• _Source material_
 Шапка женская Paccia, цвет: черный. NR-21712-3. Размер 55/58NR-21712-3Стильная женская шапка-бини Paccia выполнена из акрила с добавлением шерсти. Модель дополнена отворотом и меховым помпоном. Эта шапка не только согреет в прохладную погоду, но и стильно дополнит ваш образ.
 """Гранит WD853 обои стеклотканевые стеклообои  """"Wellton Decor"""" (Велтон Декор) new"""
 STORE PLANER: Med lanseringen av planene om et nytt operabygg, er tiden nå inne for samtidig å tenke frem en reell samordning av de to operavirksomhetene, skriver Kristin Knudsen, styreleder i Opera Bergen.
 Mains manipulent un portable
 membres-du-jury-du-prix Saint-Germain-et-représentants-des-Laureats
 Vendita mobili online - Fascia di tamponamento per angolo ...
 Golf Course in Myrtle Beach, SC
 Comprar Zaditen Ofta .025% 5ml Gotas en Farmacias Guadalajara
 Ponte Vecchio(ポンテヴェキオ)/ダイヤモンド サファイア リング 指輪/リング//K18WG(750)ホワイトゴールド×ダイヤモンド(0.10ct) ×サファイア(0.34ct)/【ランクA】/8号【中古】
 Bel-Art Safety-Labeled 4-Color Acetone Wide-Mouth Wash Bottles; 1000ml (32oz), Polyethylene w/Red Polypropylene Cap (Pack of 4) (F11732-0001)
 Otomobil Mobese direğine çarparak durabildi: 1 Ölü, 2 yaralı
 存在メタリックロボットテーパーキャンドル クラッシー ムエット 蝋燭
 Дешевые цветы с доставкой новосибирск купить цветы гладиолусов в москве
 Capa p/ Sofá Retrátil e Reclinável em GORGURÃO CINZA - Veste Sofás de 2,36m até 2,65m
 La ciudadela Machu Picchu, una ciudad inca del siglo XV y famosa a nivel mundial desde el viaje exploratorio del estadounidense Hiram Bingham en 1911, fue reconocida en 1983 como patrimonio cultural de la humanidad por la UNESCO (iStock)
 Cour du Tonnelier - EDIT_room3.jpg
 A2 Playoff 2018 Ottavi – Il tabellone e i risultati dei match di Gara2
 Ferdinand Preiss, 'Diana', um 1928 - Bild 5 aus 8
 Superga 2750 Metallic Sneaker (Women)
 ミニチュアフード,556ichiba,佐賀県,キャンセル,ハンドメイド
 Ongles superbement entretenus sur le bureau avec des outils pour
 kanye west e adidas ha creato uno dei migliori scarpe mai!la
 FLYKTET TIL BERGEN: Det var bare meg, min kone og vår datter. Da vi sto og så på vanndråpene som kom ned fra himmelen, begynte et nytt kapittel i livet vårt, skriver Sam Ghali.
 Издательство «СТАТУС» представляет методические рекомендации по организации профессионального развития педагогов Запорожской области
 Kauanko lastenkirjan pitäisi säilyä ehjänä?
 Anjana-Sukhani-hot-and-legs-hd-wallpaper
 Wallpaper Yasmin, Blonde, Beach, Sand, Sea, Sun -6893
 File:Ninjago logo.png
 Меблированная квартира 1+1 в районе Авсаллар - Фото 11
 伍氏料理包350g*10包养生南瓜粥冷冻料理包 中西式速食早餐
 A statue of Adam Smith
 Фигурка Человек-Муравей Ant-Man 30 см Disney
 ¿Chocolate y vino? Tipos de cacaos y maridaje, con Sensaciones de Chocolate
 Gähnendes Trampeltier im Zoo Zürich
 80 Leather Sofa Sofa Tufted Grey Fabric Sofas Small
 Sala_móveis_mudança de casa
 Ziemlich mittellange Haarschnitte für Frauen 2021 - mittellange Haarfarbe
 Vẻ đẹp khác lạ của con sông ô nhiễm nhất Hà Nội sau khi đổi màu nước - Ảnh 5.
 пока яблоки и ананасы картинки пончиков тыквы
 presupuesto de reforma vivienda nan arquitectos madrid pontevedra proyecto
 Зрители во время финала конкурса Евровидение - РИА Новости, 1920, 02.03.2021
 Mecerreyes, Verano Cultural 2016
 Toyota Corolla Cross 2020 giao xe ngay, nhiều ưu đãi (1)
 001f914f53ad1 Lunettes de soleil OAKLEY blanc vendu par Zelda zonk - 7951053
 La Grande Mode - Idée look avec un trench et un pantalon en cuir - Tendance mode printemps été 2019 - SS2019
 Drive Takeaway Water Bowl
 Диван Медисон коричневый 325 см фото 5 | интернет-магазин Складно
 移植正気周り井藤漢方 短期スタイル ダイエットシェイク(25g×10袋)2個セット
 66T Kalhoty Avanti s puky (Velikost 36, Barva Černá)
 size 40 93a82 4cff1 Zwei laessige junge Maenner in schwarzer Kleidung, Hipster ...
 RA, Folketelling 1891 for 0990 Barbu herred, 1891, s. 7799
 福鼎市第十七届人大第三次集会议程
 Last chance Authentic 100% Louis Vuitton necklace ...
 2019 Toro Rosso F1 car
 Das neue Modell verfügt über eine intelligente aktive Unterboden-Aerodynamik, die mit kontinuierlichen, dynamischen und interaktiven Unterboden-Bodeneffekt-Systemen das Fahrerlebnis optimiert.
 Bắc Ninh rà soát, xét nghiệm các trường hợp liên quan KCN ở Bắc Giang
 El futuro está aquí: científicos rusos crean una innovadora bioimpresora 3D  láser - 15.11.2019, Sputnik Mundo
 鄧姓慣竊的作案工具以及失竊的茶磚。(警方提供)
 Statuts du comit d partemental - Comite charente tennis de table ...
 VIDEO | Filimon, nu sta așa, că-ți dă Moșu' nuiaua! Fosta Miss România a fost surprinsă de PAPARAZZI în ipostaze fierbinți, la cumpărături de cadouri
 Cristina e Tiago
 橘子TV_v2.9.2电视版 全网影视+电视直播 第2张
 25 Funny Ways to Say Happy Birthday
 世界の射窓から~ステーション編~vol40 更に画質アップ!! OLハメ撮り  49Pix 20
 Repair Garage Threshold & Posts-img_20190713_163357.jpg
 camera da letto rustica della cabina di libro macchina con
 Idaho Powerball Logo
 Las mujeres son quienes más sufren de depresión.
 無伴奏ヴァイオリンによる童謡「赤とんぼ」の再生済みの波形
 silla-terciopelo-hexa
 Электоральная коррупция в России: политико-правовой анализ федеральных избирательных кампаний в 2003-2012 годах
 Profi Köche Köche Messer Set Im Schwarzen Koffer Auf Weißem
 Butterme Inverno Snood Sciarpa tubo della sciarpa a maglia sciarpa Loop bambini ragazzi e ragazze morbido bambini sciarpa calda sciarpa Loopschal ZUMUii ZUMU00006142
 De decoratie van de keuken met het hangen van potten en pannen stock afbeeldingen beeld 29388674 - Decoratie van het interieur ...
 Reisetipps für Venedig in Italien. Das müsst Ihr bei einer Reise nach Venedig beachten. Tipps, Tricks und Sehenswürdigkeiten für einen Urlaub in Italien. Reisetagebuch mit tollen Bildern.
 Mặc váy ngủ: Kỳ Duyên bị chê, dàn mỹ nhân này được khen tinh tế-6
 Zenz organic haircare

• _Task details_
Some lines above contain the word "nytt". Copy each of them.

• _Answer space_
 STORE PLANER: Med lanseringen av planene om et nytt operabygg, er tiden nå inne for samtidig å tenke frem en reell samordning av de to operavirksomhetene, skriver Kristin Knudsen, styreleder i Opera Bergen.
 FLYKTET TIL BERGEN: Det var bare meg, min kone og vår datter. Da vi sto og så på vanndråpene som kom ned fra himmelen, begynte et nytt kapittel i livet vårt, skriver Sam Ghali.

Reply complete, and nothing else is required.